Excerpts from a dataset
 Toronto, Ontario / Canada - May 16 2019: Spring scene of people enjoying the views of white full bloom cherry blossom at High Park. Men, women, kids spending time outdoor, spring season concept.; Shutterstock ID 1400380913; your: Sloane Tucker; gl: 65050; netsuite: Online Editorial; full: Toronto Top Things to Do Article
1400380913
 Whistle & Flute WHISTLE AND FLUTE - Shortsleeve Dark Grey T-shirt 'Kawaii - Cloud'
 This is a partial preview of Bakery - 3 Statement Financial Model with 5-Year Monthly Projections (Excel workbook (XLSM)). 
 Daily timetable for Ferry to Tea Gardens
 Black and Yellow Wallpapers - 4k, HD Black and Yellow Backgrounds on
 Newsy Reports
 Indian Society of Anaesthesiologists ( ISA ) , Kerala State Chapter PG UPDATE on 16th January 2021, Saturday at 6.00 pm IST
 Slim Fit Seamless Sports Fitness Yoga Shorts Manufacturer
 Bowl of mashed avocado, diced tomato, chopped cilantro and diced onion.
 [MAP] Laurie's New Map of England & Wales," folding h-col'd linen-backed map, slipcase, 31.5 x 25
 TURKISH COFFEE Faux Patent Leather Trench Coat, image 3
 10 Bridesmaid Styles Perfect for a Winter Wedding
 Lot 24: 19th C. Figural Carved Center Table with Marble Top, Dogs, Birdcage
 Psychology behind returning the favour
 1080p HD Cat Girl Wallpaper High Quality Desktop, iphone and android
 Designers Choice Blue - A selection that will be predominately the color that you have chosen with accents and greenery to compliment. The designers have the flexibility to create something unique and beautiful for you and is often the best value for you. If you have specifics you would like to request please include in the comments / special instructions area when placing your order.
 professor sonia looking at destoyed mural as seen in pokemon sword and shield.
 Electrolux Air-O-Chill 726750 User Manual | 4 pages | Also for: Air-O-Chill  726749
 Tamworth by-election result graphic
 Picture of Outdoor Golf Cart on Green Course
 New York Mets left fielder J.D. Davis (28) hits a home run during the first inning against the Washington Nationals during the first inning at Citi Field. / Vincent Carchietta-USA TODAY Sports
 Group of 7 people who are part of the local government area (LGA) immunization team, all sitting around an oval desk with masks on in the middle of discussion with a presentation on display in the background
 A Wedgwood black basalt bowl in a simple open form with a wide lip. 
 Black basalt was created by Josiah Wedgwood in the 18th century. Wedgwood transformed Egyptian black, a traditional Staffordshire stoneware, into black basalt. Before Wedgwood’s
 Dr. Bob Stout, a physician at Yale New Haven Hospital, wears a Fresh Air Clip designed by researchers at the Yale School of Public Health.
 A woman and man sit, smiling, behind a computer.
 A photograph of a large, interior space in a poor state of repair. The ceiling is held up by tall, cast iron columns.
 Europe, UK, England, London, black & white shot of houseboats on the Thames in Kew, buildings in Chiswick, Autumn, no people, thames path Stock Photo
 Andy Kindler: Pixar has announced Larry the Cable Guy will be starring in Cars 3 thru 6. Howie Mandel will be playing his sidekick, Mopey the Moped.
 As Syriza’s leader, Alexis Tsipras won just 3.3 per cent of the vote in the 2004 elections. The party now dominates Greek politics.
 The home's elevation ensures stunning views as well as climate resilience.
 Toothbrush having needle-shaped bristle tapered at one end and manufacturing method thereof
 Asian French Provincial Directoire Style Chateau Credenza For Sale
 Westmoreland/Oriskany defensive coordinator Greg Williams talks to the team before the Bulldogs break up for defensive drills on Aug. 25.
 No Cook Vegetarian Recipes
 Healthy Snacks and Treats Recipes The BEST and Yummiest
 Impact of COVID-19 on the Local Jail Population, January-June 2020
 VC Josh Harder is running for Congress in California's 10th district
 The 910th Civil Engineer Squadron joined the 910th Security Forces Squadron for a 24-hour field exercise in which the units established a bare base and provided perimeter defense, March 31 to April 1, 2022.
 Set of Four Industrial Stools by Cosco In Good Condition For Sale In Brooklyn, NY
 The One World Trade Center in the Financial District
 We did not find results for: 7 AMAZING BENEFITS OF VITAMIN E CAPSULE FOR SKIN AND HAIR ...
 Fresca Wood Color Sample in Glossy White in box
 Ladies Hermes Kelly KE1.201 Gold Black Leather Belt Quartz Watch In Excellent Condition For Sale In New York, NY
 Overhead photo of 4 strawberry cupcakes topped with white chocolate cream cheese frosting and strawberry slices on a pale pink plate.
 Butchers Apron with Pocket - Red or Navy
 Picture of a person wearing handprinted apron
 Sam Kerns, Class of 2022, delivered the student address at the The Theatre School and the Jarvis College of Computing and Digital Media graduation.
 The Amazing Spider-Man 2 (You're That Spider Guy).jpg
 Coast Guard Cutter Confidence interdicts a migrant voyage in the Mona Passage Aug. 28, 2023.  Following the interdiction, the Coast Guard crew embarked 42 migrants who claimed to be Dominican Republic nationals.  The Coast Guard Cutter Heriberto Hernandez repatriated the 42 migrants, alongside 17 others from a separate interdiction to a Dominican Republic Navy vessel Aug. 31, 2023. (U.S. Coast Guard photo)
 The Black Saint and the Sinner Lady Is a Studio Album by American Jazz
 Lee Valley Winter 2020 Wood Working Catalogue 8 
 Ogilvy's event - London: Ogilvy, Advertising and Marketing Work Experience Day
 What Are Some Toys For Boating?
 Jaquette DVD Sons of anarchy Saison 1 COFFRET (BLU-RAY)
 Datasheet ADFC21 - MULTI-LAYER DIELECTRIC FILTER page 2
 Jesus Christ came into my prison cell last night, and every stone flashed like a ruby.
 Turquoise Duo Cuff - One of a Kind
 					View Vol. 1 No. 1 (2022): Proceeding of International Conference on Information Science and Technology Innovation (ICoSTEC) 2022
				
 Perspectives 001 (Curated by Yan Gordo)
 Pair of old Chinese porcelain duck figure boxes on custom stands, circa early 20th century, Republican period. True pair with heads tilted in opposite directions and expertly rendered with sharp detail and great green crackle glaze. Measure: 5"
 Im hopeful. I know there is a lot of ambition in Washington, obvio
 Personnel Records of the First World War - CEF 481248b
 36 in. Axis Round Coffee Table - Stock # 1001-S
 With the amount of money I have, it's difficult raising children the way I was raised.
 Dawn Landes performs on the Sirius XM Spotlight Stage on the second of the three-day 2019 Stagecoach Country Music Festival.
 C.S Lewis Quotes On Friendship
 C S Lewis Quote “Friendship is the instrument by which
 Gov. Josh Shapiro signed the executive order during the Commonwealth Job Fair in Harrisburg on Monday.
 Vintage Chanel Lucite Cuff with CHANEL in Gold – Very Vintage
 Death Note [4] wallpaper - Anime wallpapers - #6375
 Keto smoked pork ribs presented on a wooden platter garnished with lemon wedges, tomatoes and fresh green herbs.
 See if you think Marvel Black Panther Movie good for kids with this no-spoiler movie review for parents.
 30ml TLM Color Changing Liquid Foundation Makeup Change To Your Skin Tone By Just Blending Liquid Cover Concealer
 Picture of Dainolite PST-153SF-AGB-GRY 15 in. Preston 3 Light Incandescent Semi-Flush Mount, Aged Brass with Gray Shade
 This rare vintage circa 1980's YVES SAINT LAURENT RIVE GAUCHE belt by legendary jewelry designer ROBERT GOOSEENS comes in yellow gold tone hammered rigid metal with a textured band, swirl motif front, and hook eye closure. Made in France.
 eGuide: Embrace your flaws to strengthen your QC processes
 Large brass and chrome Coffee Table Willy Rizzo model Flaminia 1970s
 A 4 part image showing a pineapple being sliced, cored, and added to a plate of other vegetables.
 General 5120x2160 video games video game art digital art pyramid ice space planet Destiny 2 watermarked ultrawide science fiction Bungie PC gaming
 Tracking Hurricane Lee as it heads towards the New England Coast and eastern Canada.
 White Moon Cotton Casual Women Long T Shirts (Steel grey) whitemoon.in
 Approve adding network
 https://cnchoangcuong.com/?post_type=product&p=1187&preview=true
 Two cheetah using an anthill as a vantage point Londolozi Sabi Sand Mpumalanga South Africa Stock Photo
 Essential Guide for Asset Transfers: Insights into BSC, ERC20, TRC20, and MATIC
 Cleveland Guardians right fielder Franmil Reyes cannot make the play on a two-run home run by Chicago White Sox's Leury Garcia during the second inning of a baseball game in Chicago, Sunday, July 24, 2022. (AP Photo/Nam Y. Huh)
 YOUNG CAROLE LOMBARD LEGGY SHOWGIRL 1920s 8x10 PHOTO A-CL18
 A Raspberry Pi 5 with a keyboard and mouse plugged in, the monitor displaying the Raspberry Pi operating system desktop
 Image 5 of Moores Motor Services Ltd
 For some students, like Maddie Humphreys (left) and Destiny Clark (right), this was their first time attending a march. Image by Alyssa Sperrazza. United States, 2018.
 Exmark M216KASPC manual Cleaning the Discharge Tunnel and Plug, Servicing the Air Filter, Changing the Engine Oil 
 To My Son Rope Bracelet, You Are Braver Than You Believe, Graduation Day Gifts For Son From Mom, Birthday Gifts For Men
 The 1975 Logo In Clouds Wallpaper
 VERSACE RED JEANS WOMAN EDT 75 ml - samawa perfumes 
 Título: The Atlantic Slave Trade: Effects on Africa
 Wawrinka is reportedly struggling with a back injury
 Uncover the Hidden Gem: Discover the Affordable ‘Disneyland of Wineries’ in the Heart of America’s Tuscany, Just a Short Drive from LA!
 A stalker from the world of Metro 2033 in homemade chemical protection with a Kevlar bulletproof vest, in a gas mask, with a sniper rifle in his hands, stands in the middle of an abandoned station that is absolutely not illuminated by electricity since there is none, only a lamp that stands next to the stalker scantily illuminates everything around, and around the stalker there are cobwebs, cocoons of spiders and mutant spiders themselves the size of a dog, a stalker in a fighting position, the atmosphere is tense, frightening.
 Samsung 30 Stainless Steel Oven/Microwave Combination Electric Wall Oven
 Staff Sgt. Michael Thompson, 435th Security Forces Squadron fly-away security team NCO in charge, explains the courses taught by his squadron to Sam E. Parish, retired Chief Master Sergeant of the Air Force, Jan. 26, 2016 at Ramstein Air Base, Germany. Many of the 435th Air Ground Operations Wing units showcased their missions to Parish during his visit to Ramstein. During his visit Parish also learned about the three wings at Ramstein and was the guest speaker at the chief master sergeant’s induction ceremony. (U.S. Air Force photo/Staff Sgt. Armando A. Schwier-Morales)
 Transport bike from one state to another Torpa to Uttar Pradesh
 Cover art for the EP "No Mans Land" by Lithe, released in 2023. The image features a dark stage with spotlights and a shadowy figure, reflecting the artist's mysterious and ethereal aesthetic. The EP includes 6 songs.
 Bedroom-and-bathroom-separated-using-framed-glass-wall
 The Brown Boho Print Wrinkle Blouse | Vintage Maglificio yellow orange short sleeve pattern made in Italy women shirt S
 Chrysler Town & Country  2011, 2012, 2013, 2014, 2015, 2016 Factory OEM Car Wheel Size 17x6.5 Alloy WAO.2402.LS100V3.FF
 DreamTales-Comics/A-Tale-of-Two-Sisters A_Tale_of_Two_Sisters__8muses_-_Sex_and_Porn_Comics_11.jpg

▸ Task item: Read the entries and select each line where the word "Winter" is found.

▸ Expected answer:
 10 Bridesmaid Styles Perfect for a Winter Wedding
 Lee Valley Winter 2020 Wood Working Catalogue 8 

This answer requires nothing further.